При этих словах Кущин так дико захохотал, что бродяга струсил. Первой его мыслью было, что Медведь рехнулся.

— Только ослы могут так думать, — сказал он, перестав хохотать. — Да неужели, если бы я совершил эту кражу, то позволил бы страдать невинному, которого вынянчила Ириша?! Сергей Семенович — это не человек, а ангел. А я, хотя и бродяга, но помню его хлеб-соль. Слушай же, от его ареста и мать его, и моя бедная Ириша просто с ума сходят. Три дня тому назад она сказала мне:

— Голубчик, отыщи ты вора, чтобы доказать кровопийцам, что Сережа наш неповинен, как голубка. Отыщешь, возьми все, что у меня есть. У меня триста рублей.

— Денег мне твоих не надо, — ответил я, — А вот хочешь, я предложу тебе: найду вора — иди за меня замуж.

— Согласилась.
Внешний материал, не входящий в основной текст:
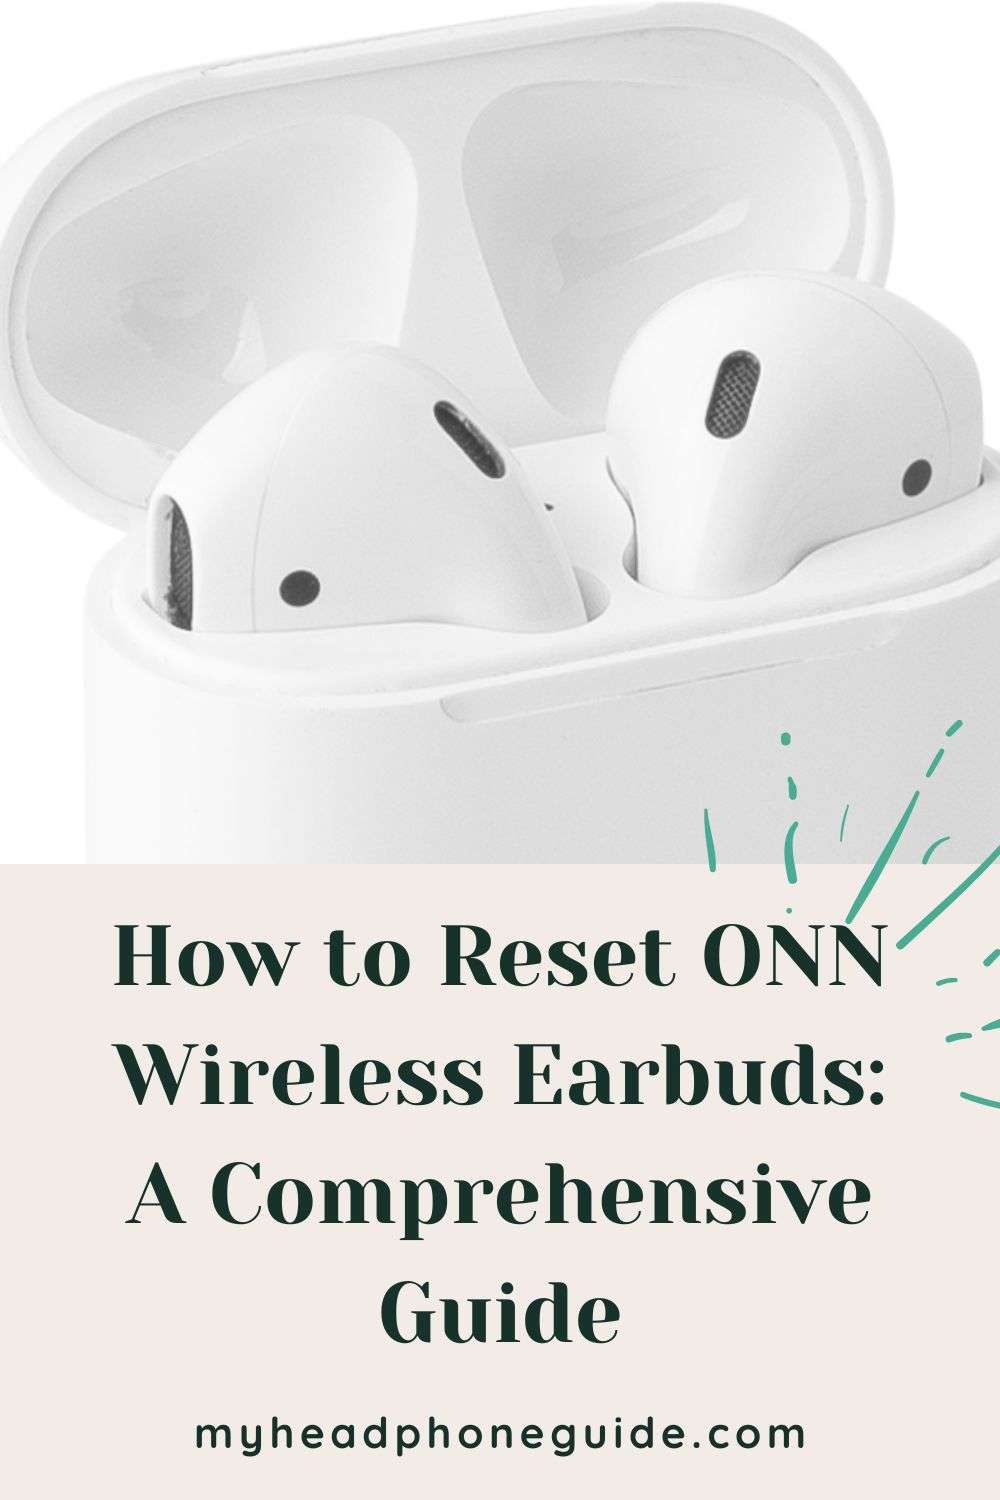 How to Reset ONN Wireless Earbuds: A Comprehensive Guide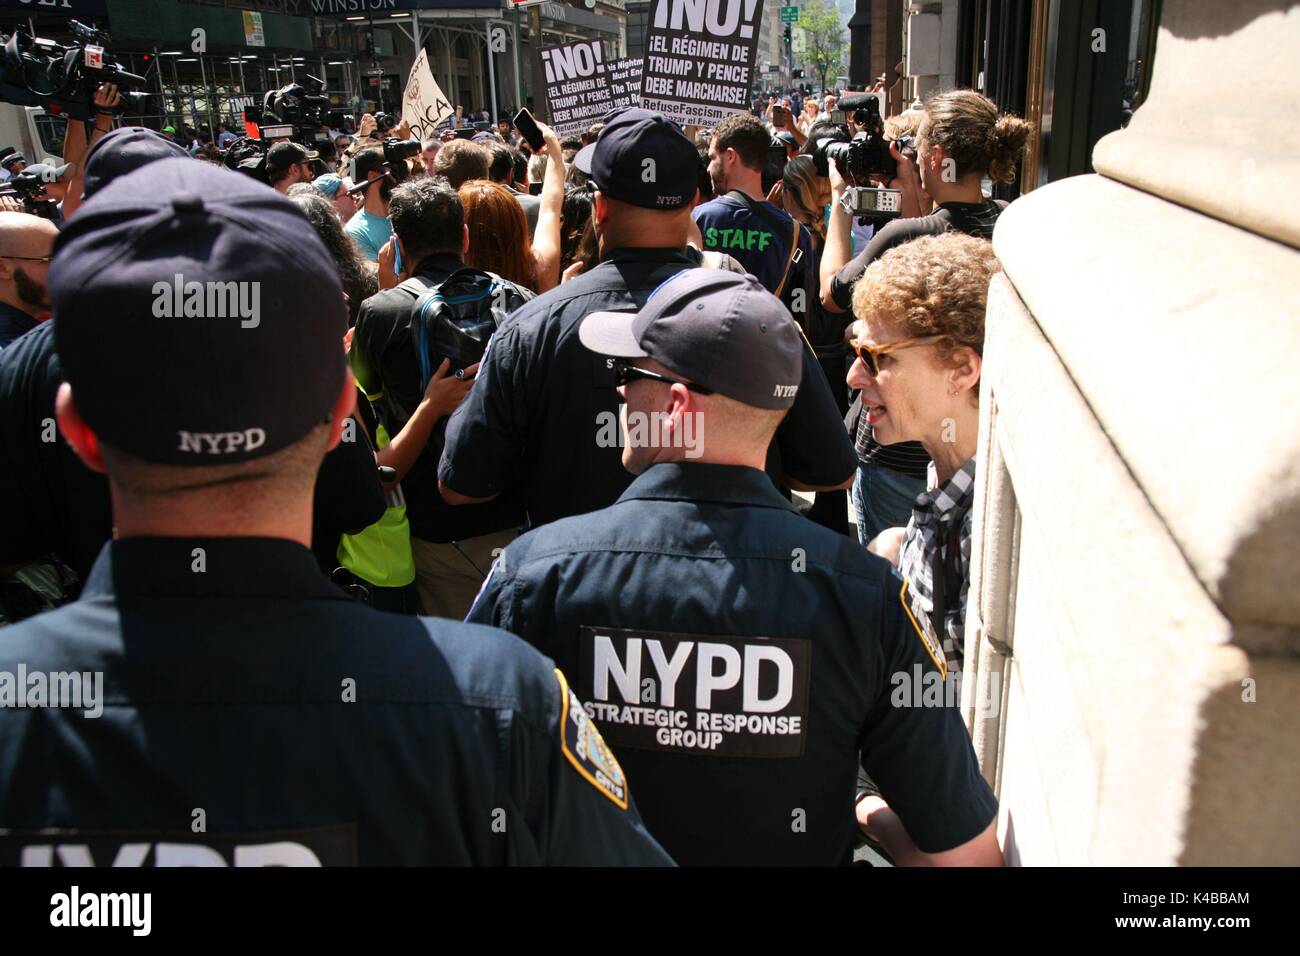 New York, Us. 05th Sep, 2017. Hundreds of immigrants who came to the USA illegally as children gathered outside Trump Tower on 5th September, 2017, to protest US President Donald Trump's decision to rescind the Deferred Action for Childhood Arrivals (DACA), a program designed to protect immigrants created by President Barack Obama in 2012. There were several arrests when demonstrators linked hands and formed a human chain that blocked traffic along 56th Street and Fifth Avenue in front of Trump Towers. Credit: G. Ronald Lopez /DigiPixsAgain.us/Alamy Live News Stock Photo

Пойми теперь, Гриша! — вскричал Медведь, схватив руку бродяги с такой силой, что тот вскрикнул. — Надо мне вора найти. Будь другом, не откажи помочь.

Только теперь убедился бродяга, что Медведь не ломает комедию.

— Отчего ты вчера не был у греческой образины?

— А ты разве был?

— Как же.

— Если бы я знал, что там встречу тебя, то конечно пошел бы. С этой дрянью я не желаю вести розыски. По всей вероятности, среди их были участники кражи. Они только будут дело портить. Так согласен приняться за совместные розыски?

— Согласен.

— Спасибо дружище. Теперь пойдем ко мне на квартиру.

Преснушкин от изумления приходить к новому изумлению.

Бродяги отправилась в Ростов.

Через несколько домов, от квартиры Александры Петровны Бровцыной, они остановились. Кущин, в сопровождении Гришки, вошел во двор каменного двухэтажного дома и подошел к небольшому деревянному флигелю. Этот флигель был разделен на две половины. В каждой из них находился особый вход. Бродяга вынул ключ, отворил входную дверь и пошел в небольшую кухню. Рядом с ней помещалась довольно обширная комната, с несколькими стульями, столом и кроватью.

— Вот мой особняк, — сказал он, — добро пожаловать, выпить и закусить найдется.

Спустя несколько минут появилась на столе четвертная водки, каравай хлеба, огурцы и колбаса.

— Гришка, я умею быть другом, если поможешь мне, буду вечно твоим рабом.

— Постараюсь, не ударить в грязь лицом.

Долго друзья угощались. Они только тогда улеглись, когда четвертая совершенно опустела.

Преступник

Прошло три недели после того, как Кущин, открыл другу свою сердечную тайну. Все это время бродяги были заняты розыском. Кущин не разлучался с Преснушкиным. Но все их поиски не имели результатов.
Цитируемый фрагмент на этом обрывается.